● What you have to do:
The whole listing that follows, pictures excepted, should be printed again exactly as given.

● Recorded information:
------------------------

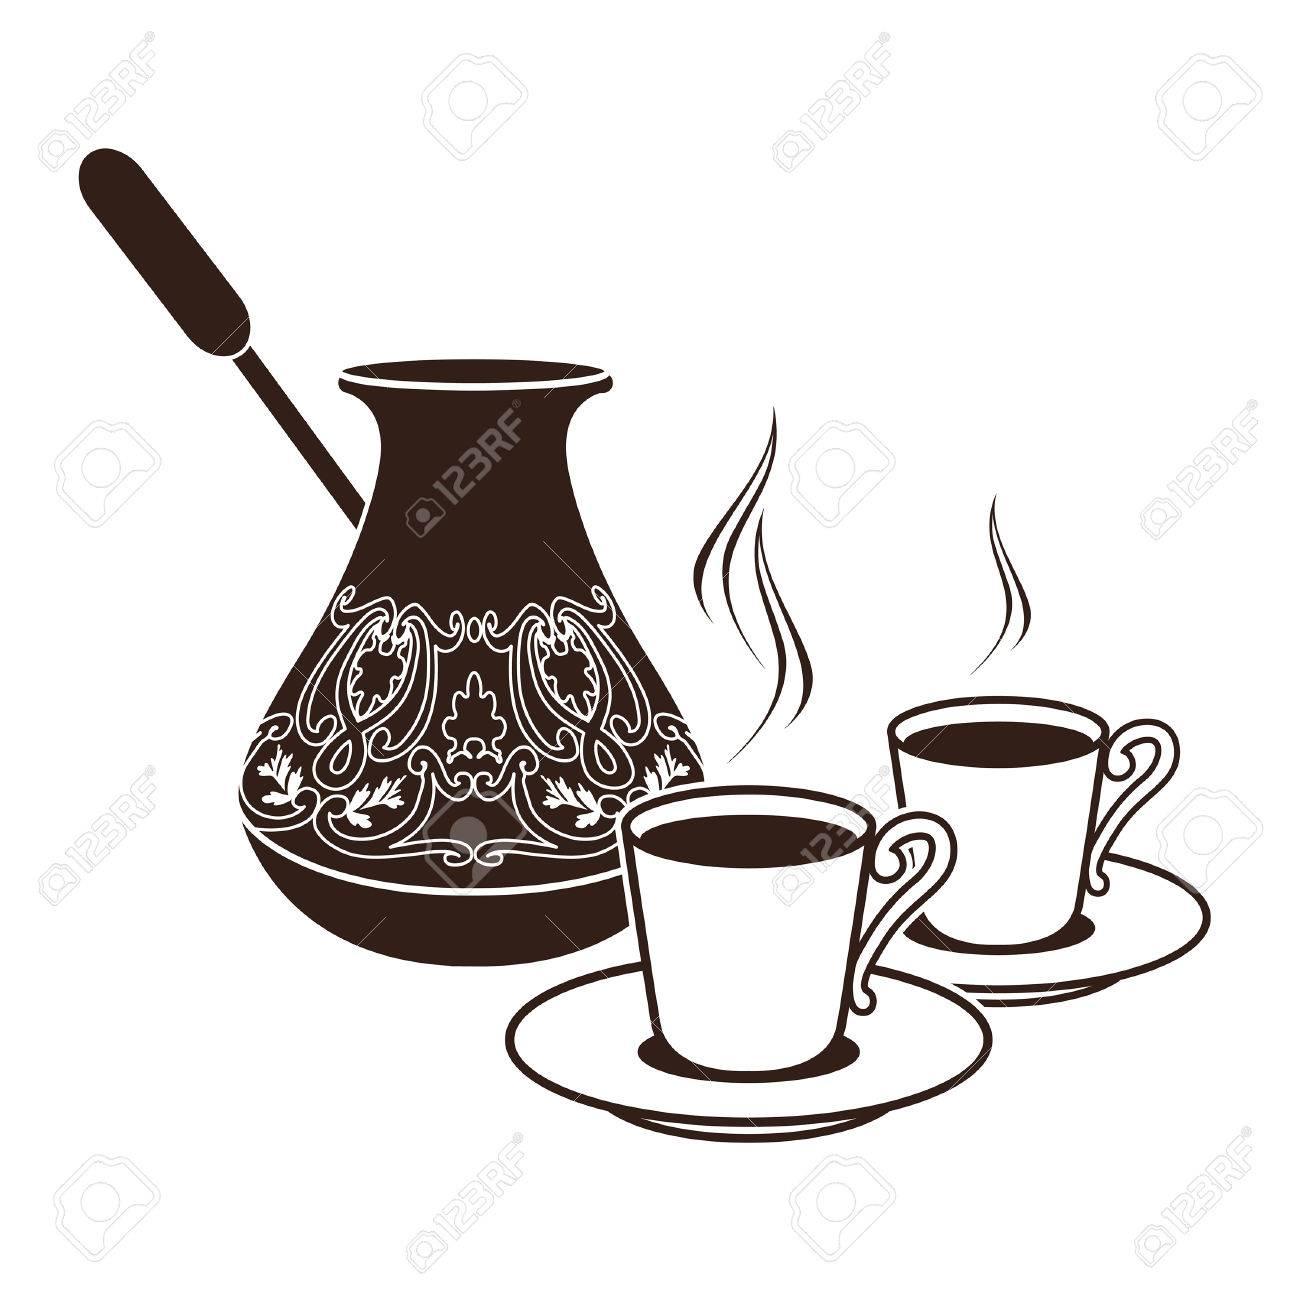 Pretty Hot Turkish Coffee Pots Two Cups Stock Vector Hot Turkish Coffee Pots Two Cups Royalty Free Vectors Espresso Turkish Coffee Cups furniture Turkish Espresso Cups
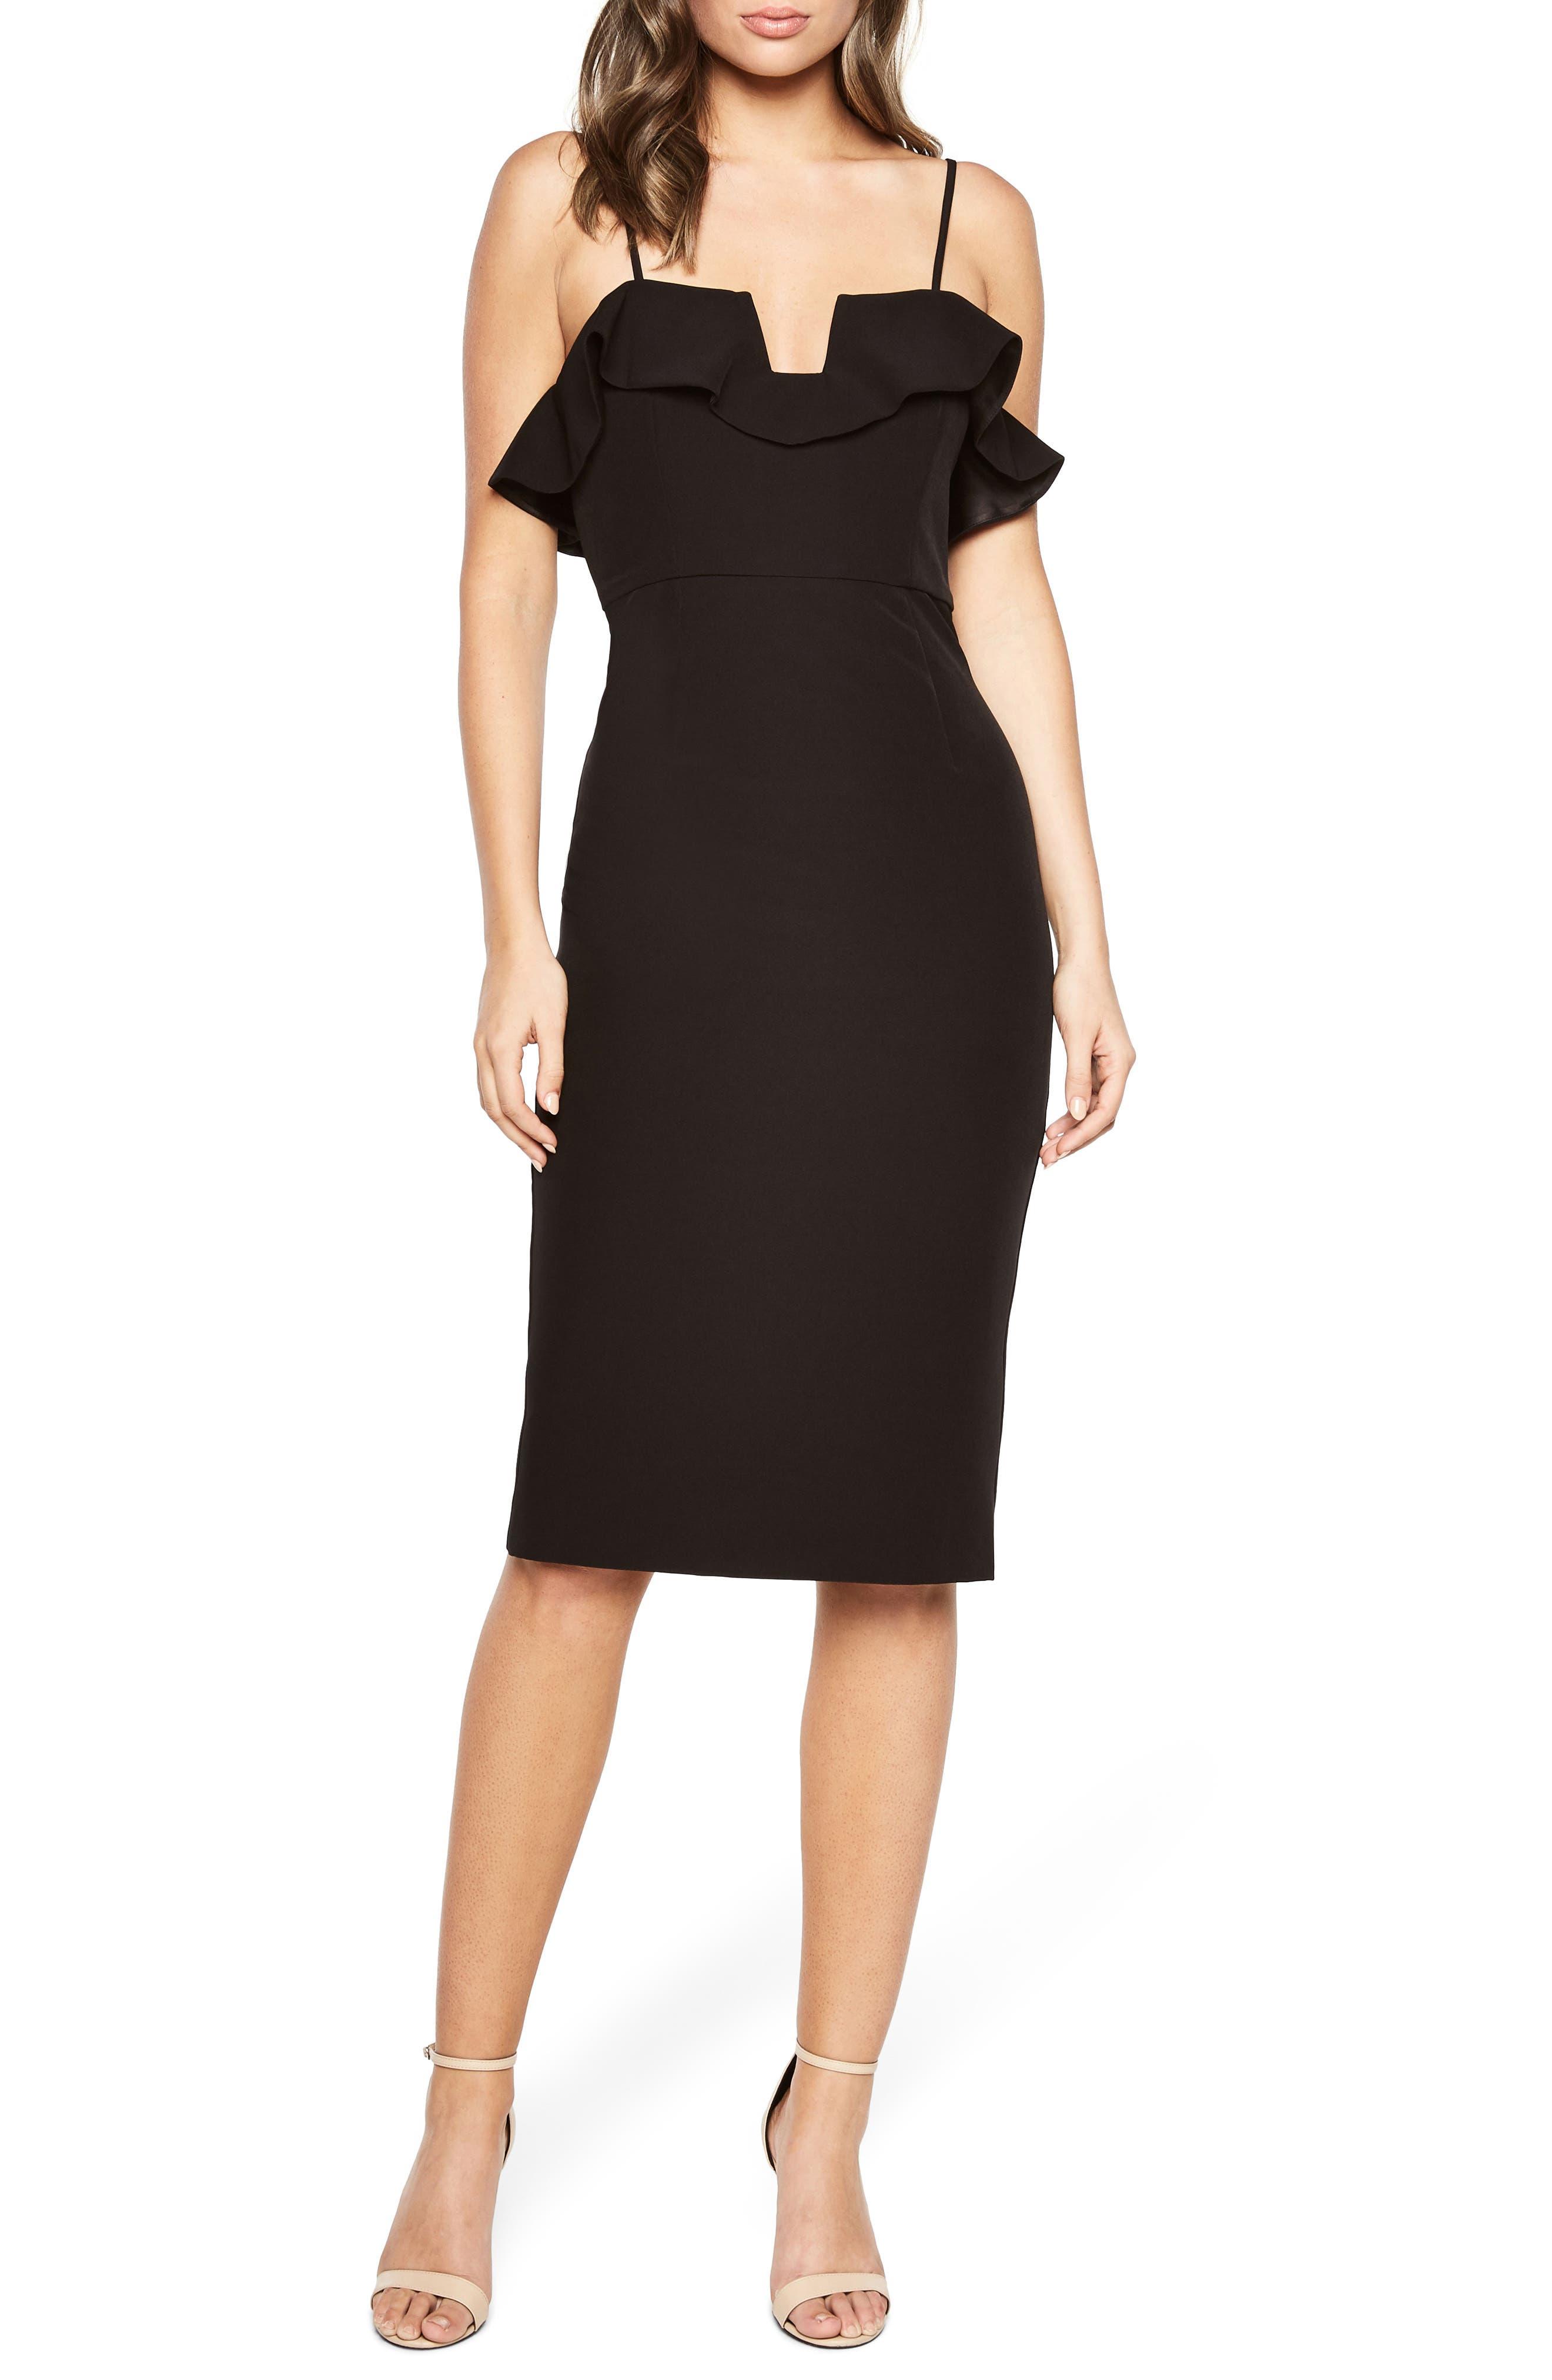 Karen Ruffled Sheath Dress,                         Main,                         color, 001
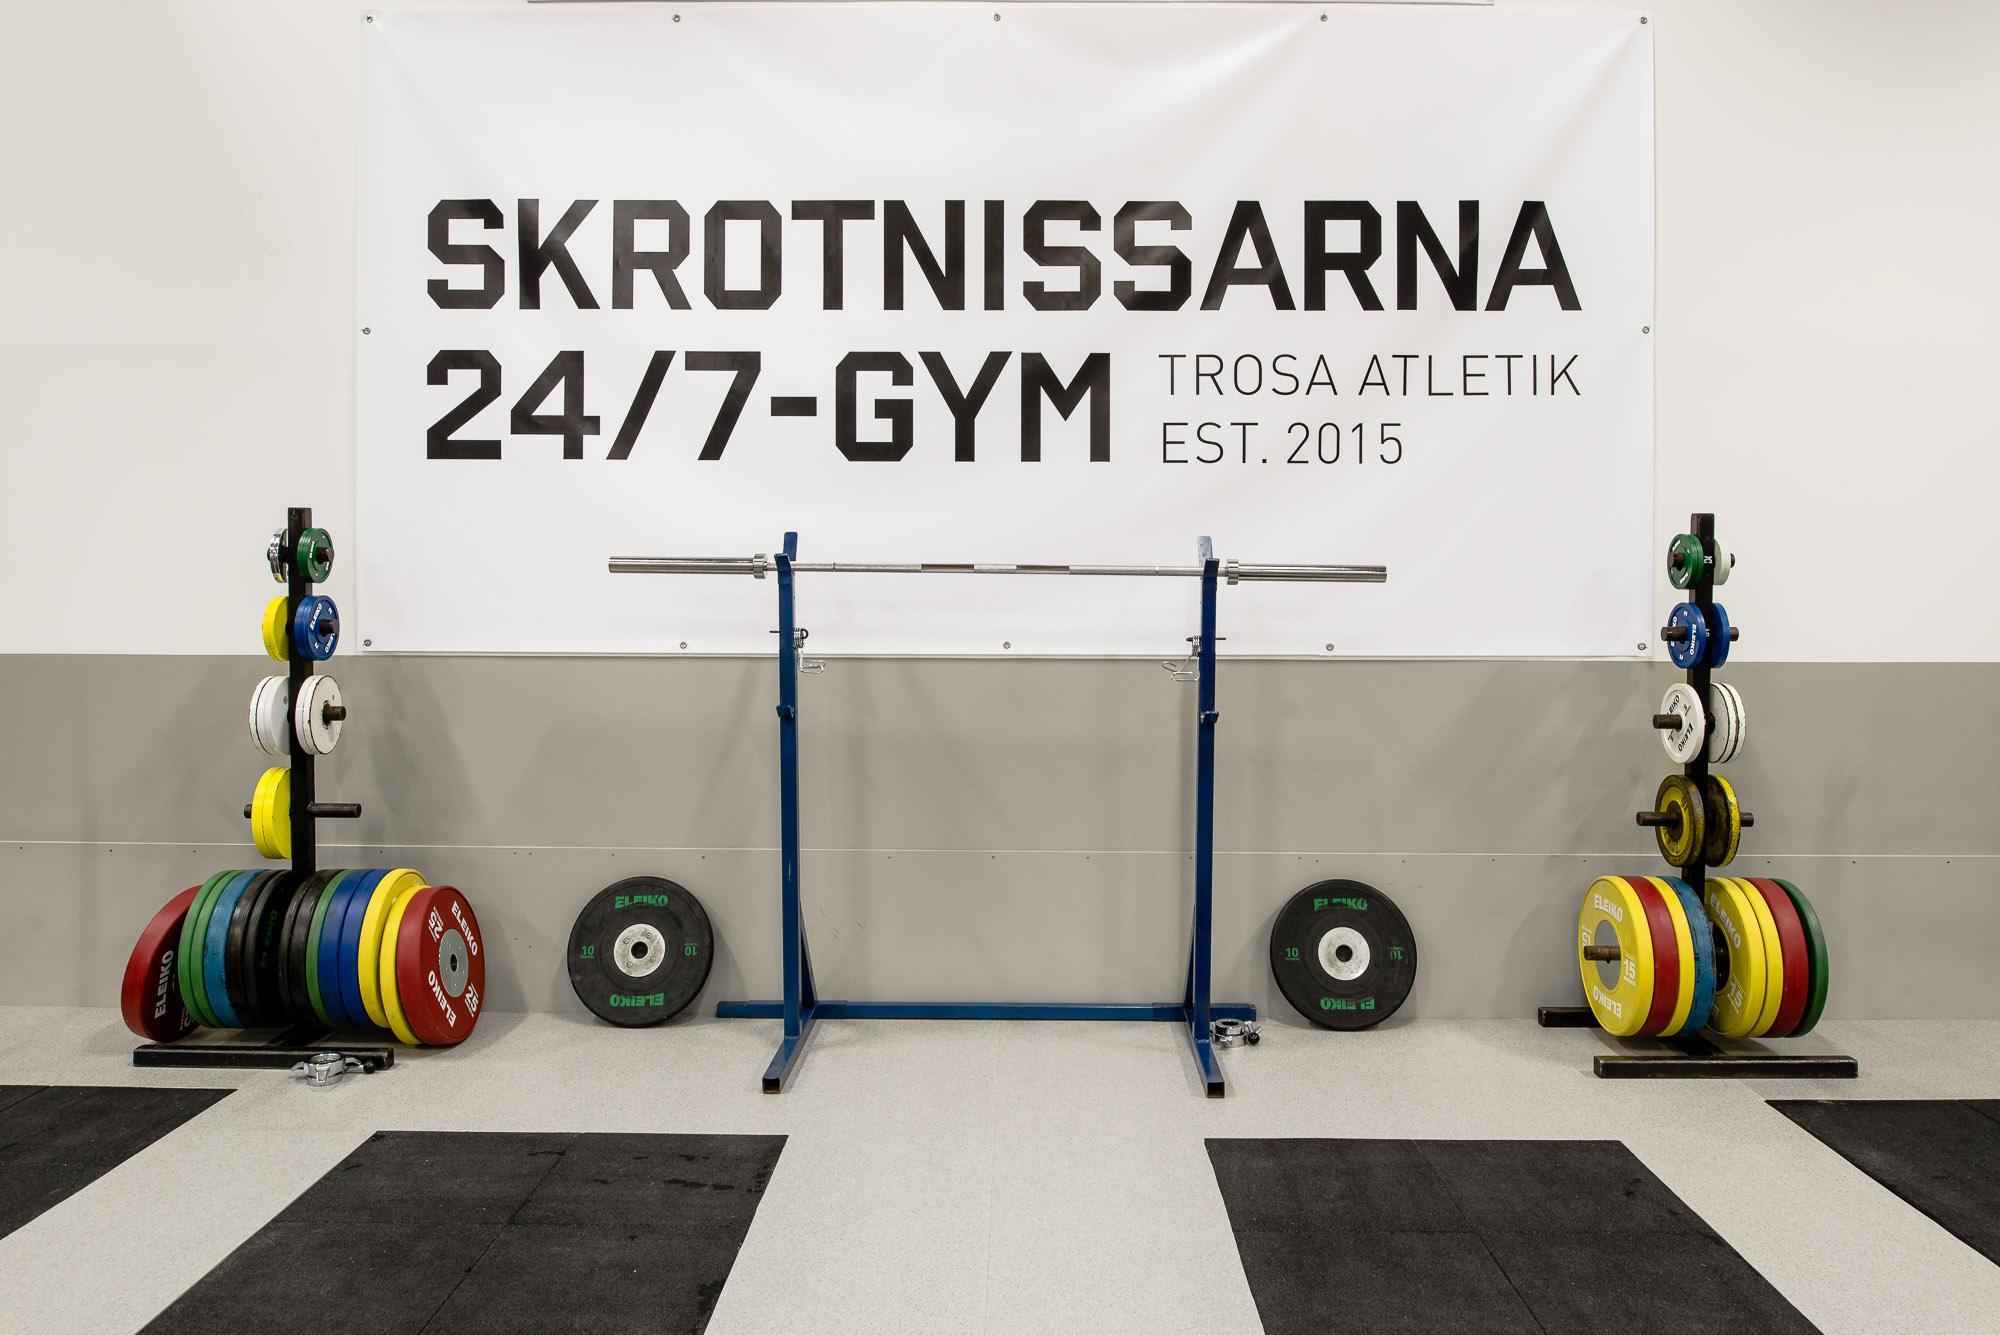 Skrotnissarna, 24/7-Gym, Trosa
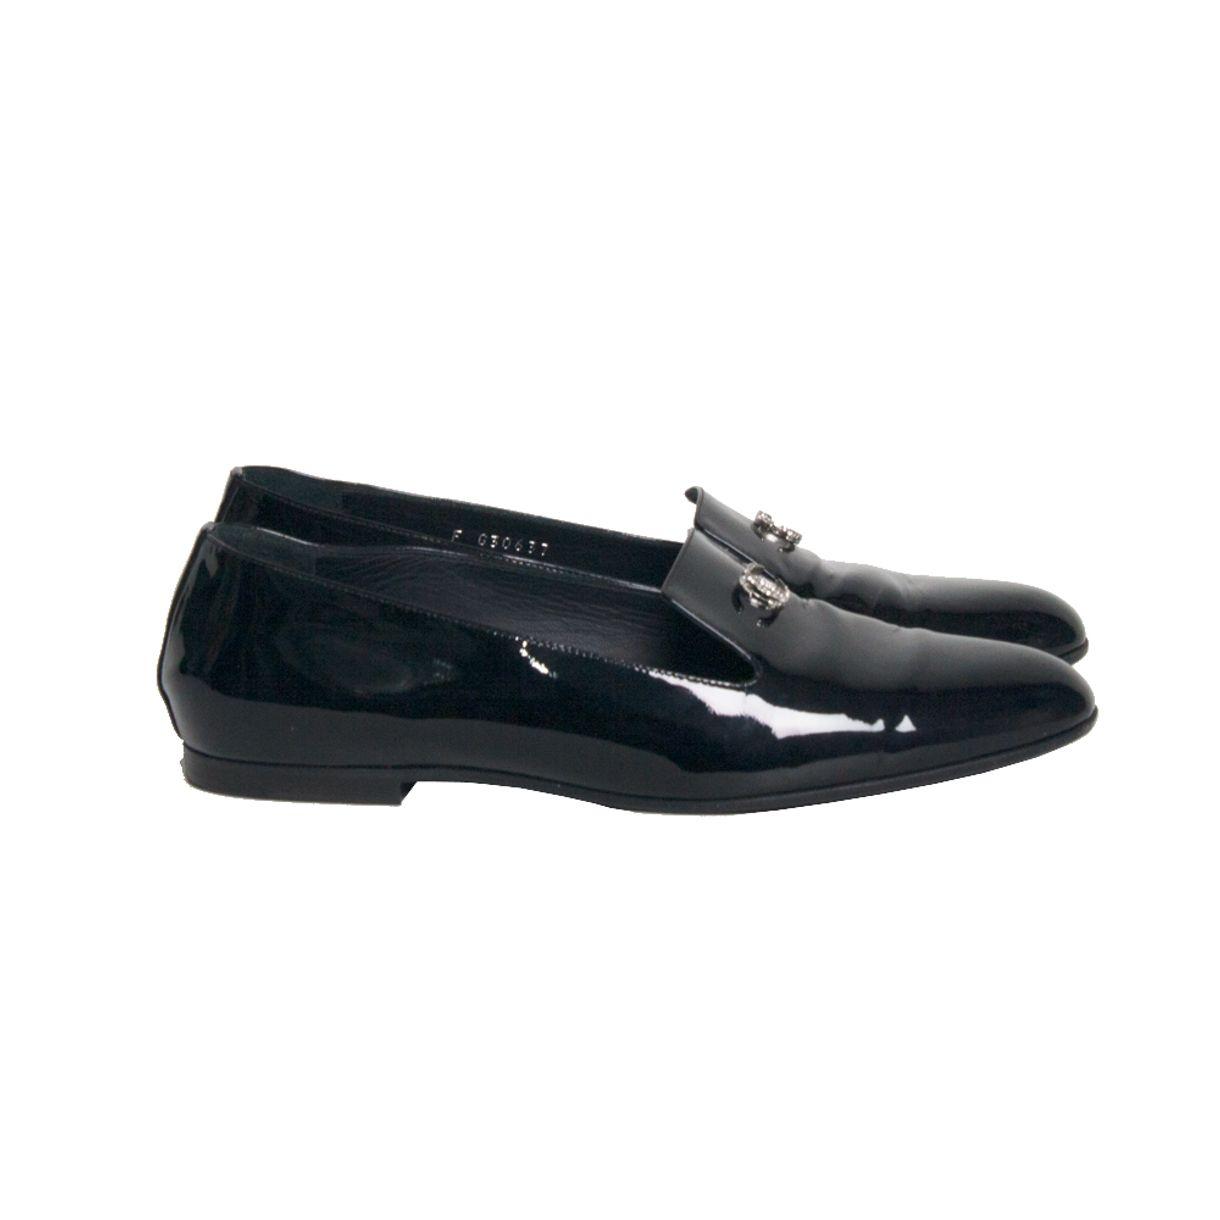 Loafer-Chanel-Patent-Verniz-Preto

------------------------

● Response to this task:
 Pretty Hot Turkish Coffee Pots Two Cups Stock Vector Hot Turkish Coffee Pots Two Cups Royalty Free Vectors Espresso Turkish Coffee Cups furniture Turkish Espresso Cups
 Karen Ruffled Sheath Dress,                         Main,                         color, 001
 Skrotnissarna, 24/7-Gym, Trosa
 Loafer-Chanel-Patent-Verniz-Preto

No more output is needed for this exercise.